Since then, Good Planet released a new product line – soft cheese triangles – that are packaged in cardboard that’s 90% post-consumer recycled. The best approach for most goods packaged in plastic is just to buy them sparingly and set a waste limit goal. This is a good time to refer you to my Green Stars Project post on a tactic that can help you reduce your domestic waste.

Ethical rating for Good Planet cheese

Here’s a summary of how I feel about the social and environmental impact of Good Planet cheese, which I’m rating 4 out of 5 Green Stars

  • All Good Planet products are vegan. Adopting a plant-based diet is the top thing you can do to mitigate deforestation & climate change and to end animal cruelty and the insidious negative impact that the meat industry has on society.
  • Statement from Good Planet on its main ingredient, coconut: “The coconut oil we use is sourced from a supplier who is focused on improving farmer livelihoods and keeping them interested in growing coconuts, as well as rejuvenating the coconut industry in Indonesia and Malaysia.”
  • Besides that statement, Good Planet doesn’t provide much information on the impact of the company.
  • I did find a bit more information, however, in the video shown above – David talks a little bit about things like social impact and company ethos. For example, hiring transitioning felons and supporting local food banks.
  • Good Planet recently launched a new line of cheese wedges, packaged in cardboard that’s 90% post-consumer material (and recyclable).
  • However, the new cheese wedge line also introduces a new ingredient for Good Planet – palm oil. Good Planet was responsive to questions about this. Currently, I would rate their palm oil supply chain at mediocre (commodity market mix of RSPO-certified Mass Balance and Identity Preserved palm oil) but they have plans to seek out a more sustainable supply as they buy more palm oil in 2022. Hoping they’ll go the right way with that.
Two kinds of Good Planet cheese are shown and underneath is a graphic showing an ethical score of 4/5 Green Stars for social and environmental impact. The varieties pictured are Good Planet mozzarella and hot pepper slices. Good Planet cheese – sustainability, review.

Summary scores (out of 5) for Good Planet cheese:

  • 3.5 gold stars for quality and value.
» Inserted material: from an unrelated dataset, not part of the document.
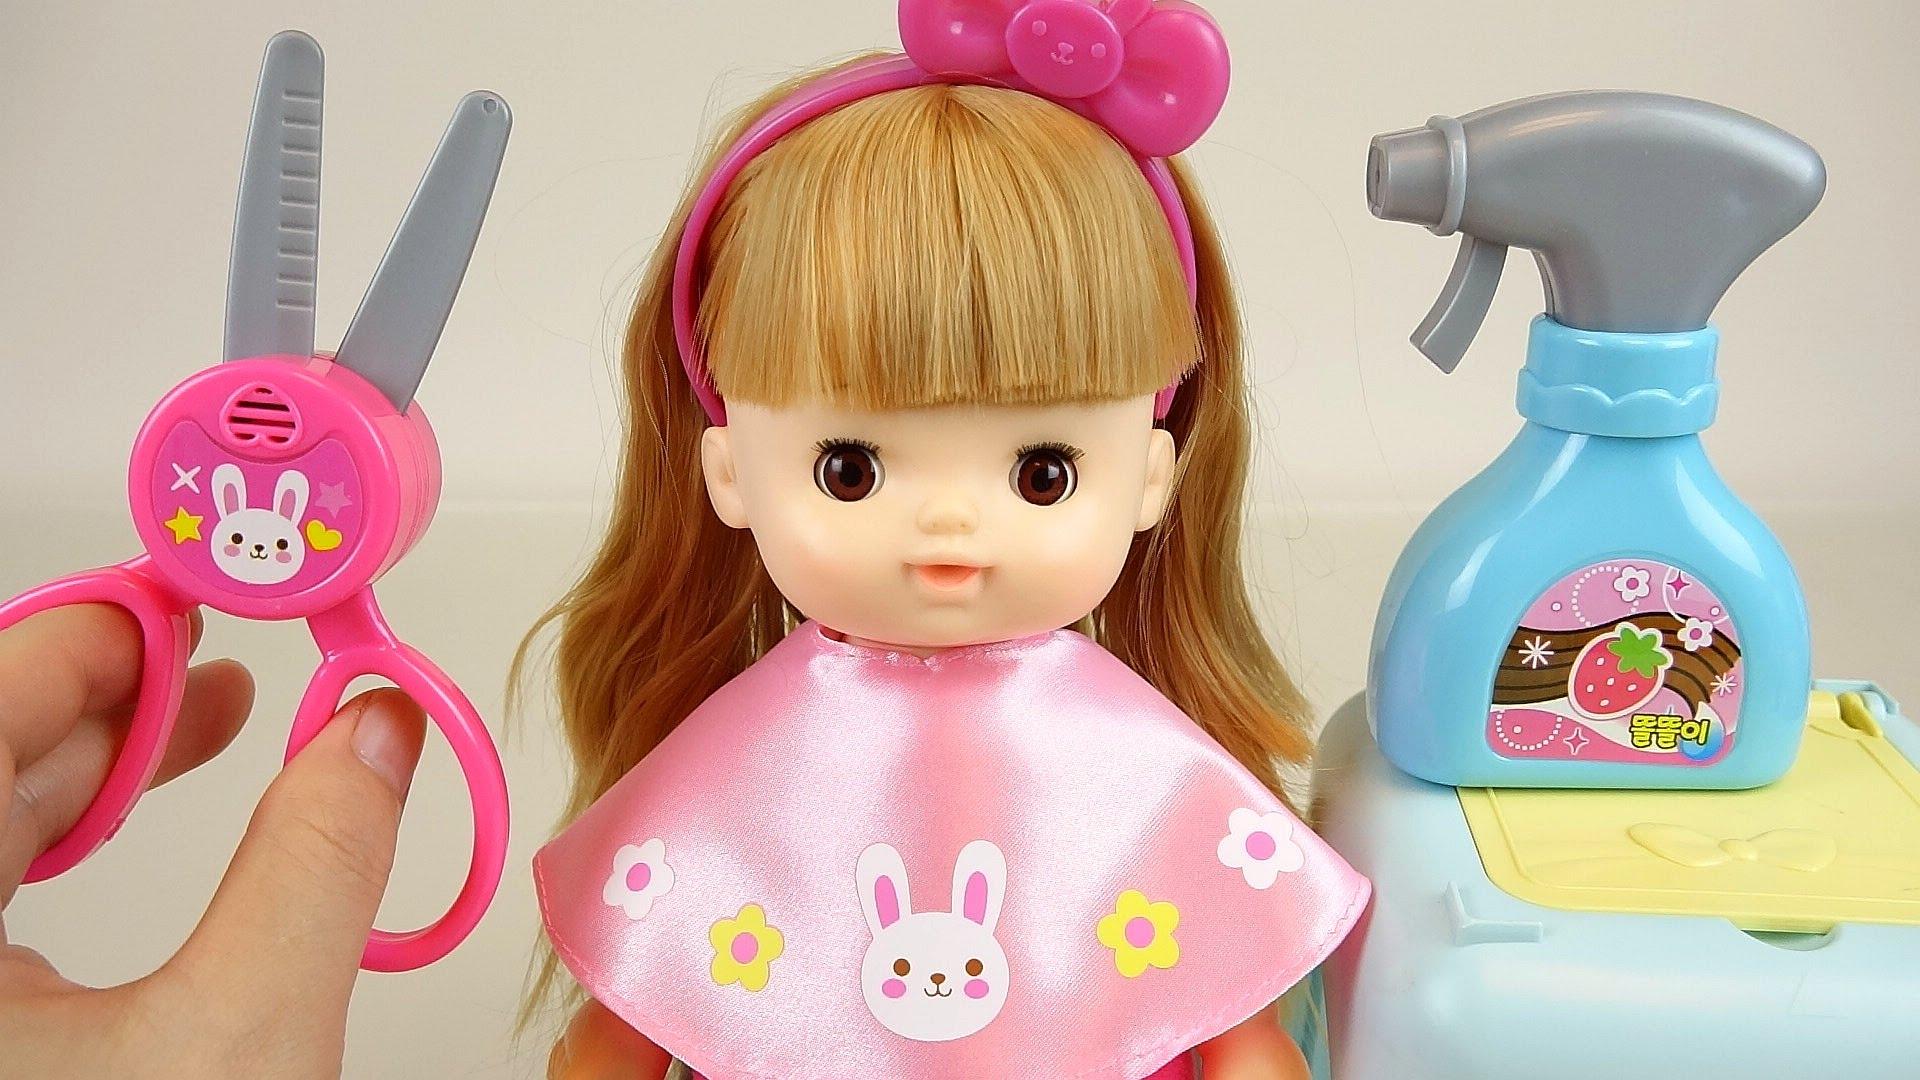 Baby doll photo

I liked the hot pepper slices (4 stars) more than the mozzarella (3 stars).
  • 4 green stars for social and environmental impact

If you have a different opinion, please share your rating! Until next time, stay safe : )  

Luke’s Organic chips – sustainability, review

Luke’s Organic chips are almost always available (and discounted) at the Grocery Outlet – but not always the same varieties. Most varieties are good but I wanted to feature two of the more unusual flavors that I came across recently:

  • White Truffle & Sea Salt
  • Ketchup with Mustard & Pickle

The White Truffle & Sea Salt chips are not just any old white truffle and sea salt – they’re made with Urbani Italian white truffles and fleur de sel from Guérande, France. I’m pretty wary of truffle-flavored things as often it’s a synthetic truffle flavoring and can be awful, but in this case the truffle is genuine and the chips are really good.

I think they are often sold at Costco too, where they are pretty popular. I wouldn’t eat them in large quantities since they’re quite strong, but that’s a good thing, right? They also have quite a strong salt kick without adding a ton of sodium (see Nutrition Facts, below), thanks to the potent fleur de sel.

Ketchup with Mustard & Pickle is the kind of flavor that does well in the UK or Canada. A Canadian friend brought some ketchup chips into work once and they had a polarizing effect. I quite like Luke’s version and found them to be a good accompaniment to a Beyond Burger, taking the place of fries and burger condiments, all at once!

Luke’s Organic Ketchup with Mustard & Pickle chips are shown in a photo. A burger with these chips on the side are shown and behind it is a bag of the Luke’s Organic Ketchup with Mustard & Pickle chips. Luke’s Organic chips sustainability review

Luke’s organic potato chips – ingredients

Here are ingredients for the two flavors of Luke’s Organic chips that I’m reviewing here.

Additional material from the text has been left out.